The patch I sent survived my regression testing but when taking another
look at the upstream patch, I realized something else I had previously
missed. The code in master doesn't actually return -EAGAIN directly
along with partial completion. It just returns the partial completion,
loops again in iomap, and then presumably returns -EAGAIN at that point
which makes its way back to io_uring. I think that is mostly harmless
but technically a bug in the upstream patch as the intent was to be able
to advance the iter, return -EAGAIN, and let the operation unwind from
there.

I think this actually leaves at least a couple options here. One is that
we could presumably just do the same thing on stable as current master:
forget the flag and just remove the iov revert and direct -EAGAIN return
at the cost of one more iter before returning to the caller. Another is
to fix up the code in master and use the patch I posted as a customized
stable backport of that.

WRT the latter I suppose we could also just stick with this patch for
stable and I can follow up with a separate patch for the loop thing on
master.
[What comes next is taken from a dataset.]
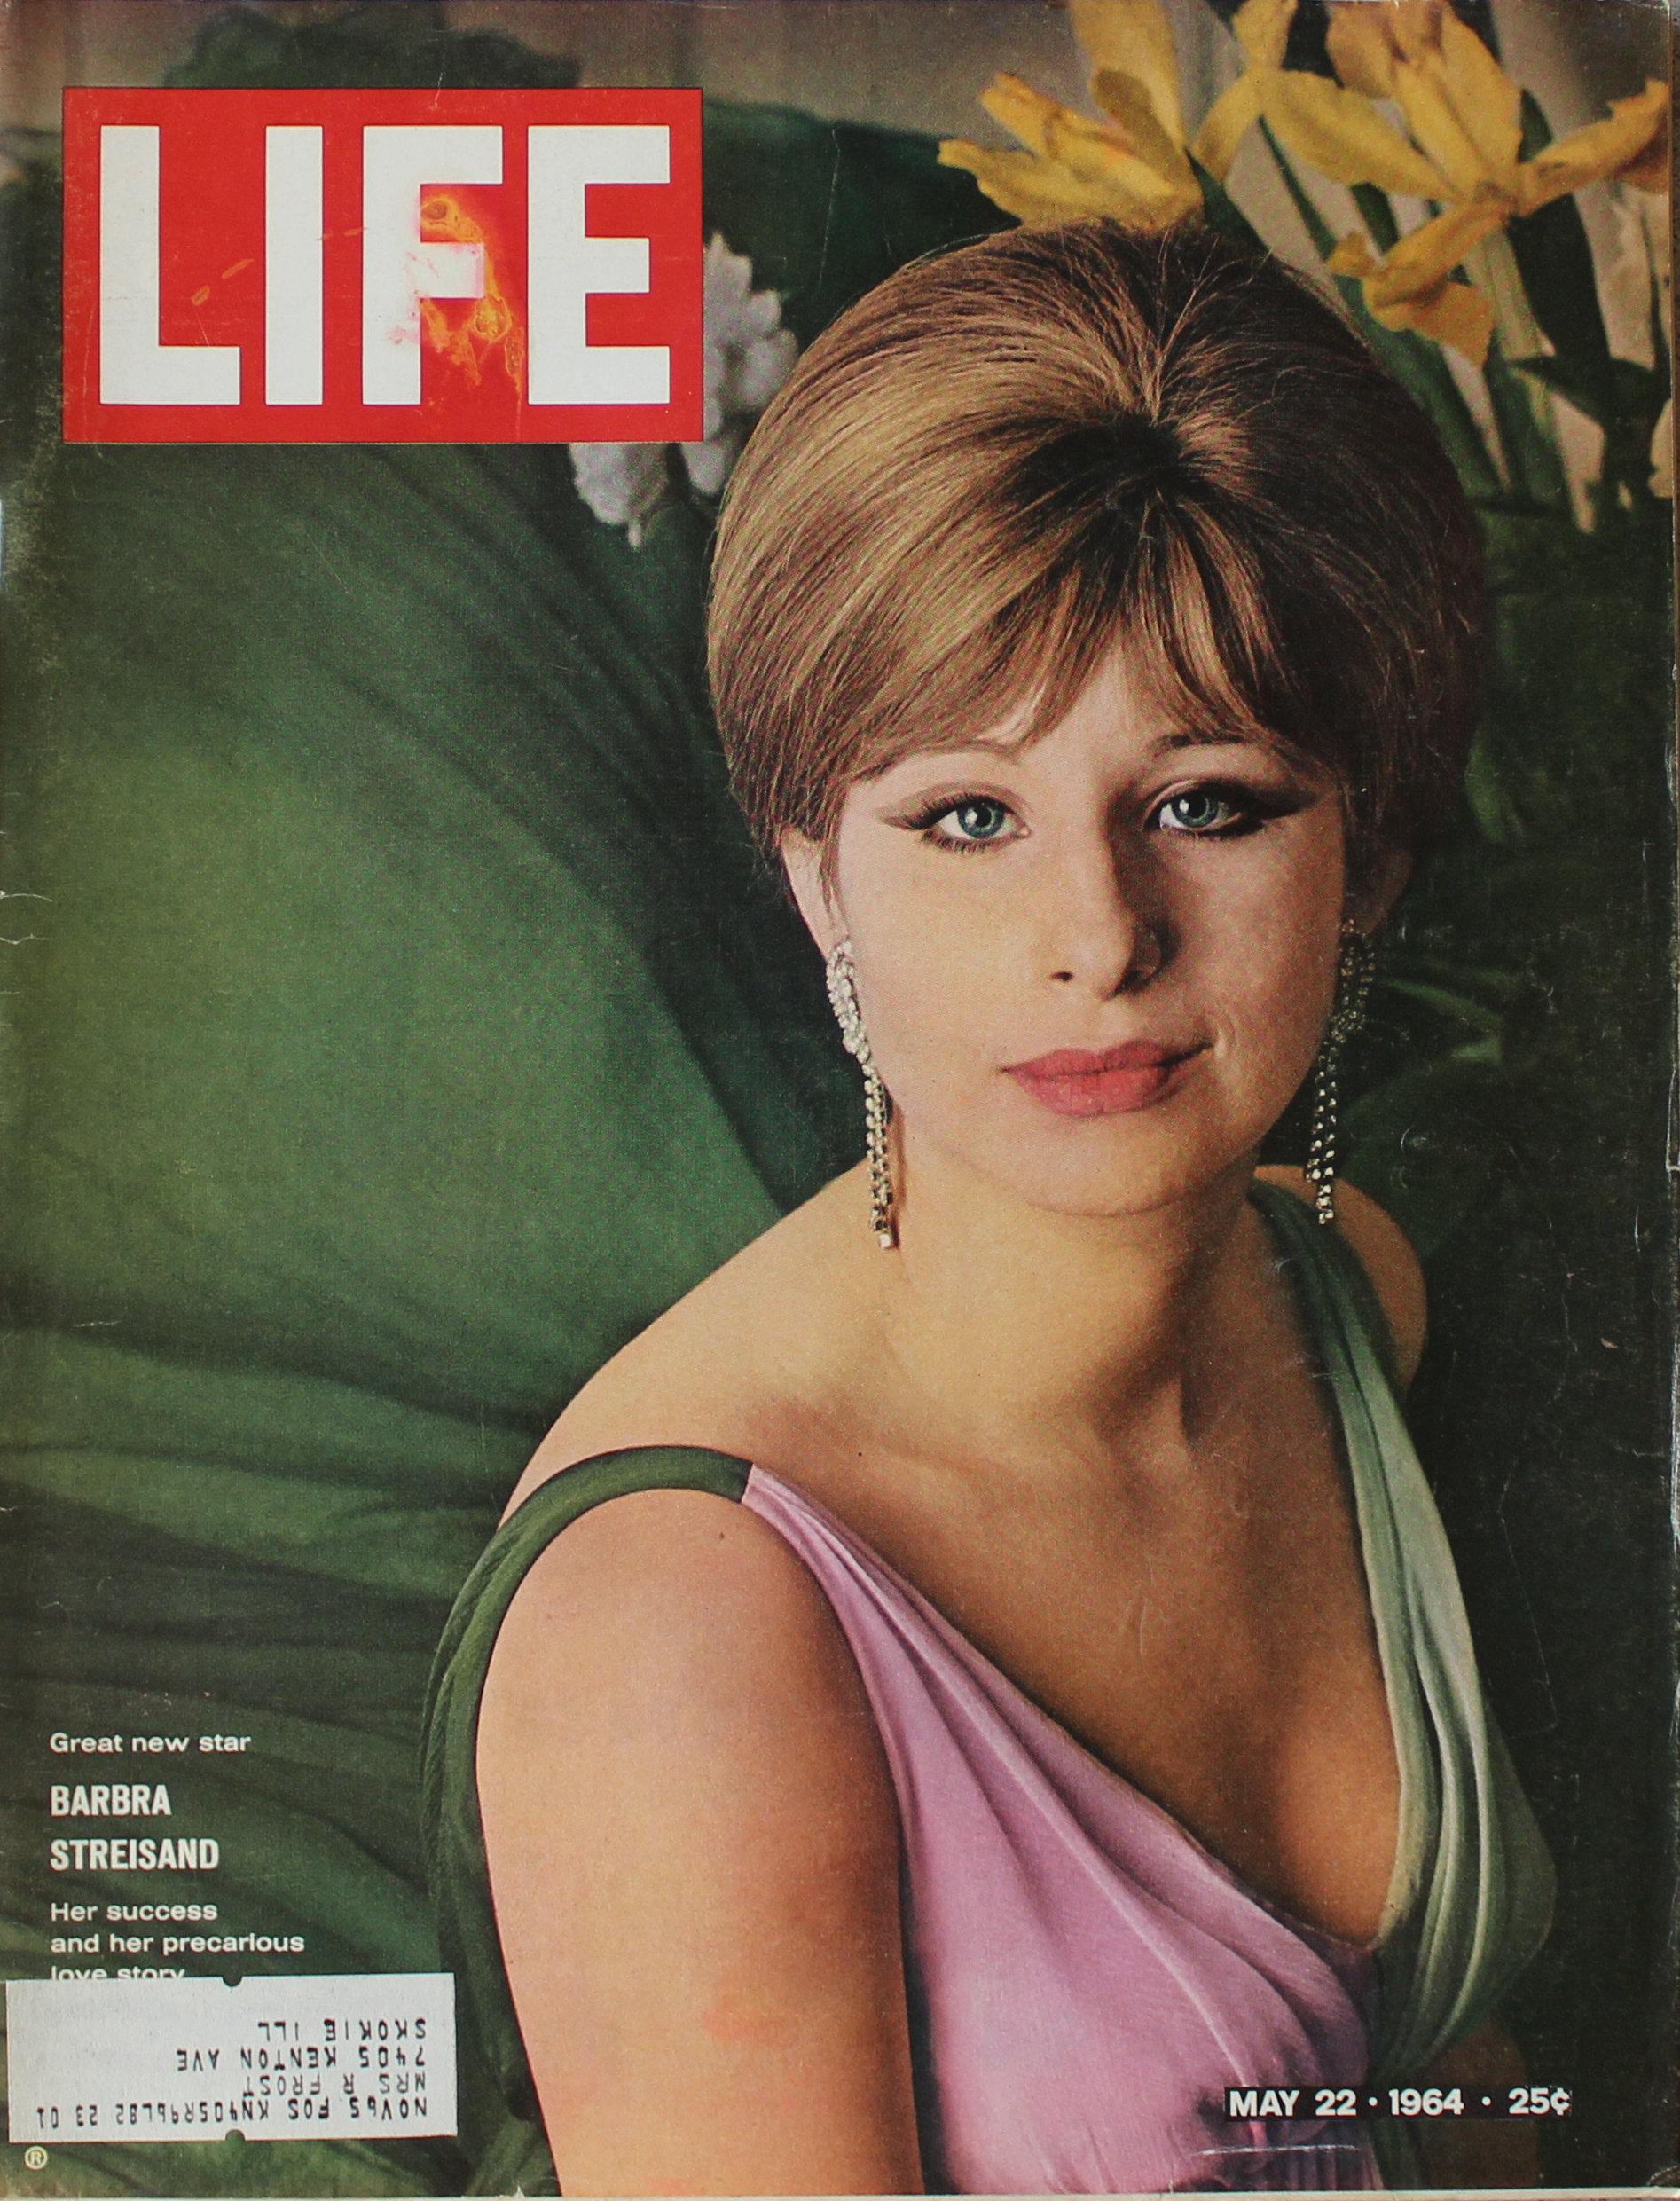 LIFE May 22, 1964

Hmm.. I want to think about it a little more so if any iomap
folks have Opinions in the meantime, let me know.

Brian

> 
> On Tue, Jun 9, 2026 at 12:20 PM Brian Foster <bfoster@redhat.com> wrote:
> >
> > On Mon, Jun 08, 2026 at 01:17:10PM -0400, Eric Hagberg wrote:
> > > On Mon, Jun 8, 2026 at 12:03 PM Brian Foster <bfoster@redhat.com> wrote:
> > > > Another idea that came to mind is to try and just replace the -EAGAIN
> > > > return sequence from the low level iterator with a flag that triggers
> > > > -EAGAIN from the next iter advance. The idea here is to allow the write
> > > > to return partial completion (i.e. so no iov_iter revert) without having
> > > > to return an error from the lowest level in the stack. I had claude come
> > > > up with a quick patch [1] for reference/experimentation.
> > > >
> > > > This is based on v6.12 stable and compile tested only. It needs more
> > > > review and testing in general but might be worth throwing your
> > > > reproducer at if you can..?
> > >
> > > With that patch applied, the reproducer runs clean - no errors - and
> > > gets roughly the same performance (maybe slightly better) as when run
> > > against a 6.18 kernel on the same VM.
> > >
> >
> > Thanks for testing. I'll look into some more regression testing of this
> > patch and try to clean it up and post it for proper review for stable.
> >
> > Are you using the reproducer program in your original mail to test? If
> > so, does it require some concurrent memory pressure to reproduce, and
> > are you using anything in particular for that?
> >
> > That test seems small enough that we could potentially include it in
> > fstests, though I'm still not so sure about the mem pressure part..
> > Since you guys wrote the test, any interest in porting into fstests? If
> > not I can look into it.
> >
> > Brian
> >
> > > Thanks,
> > > -Eric
> > >
> >
> 


      reply	other threads:[~2026-06-10 17:34 UTC|newest]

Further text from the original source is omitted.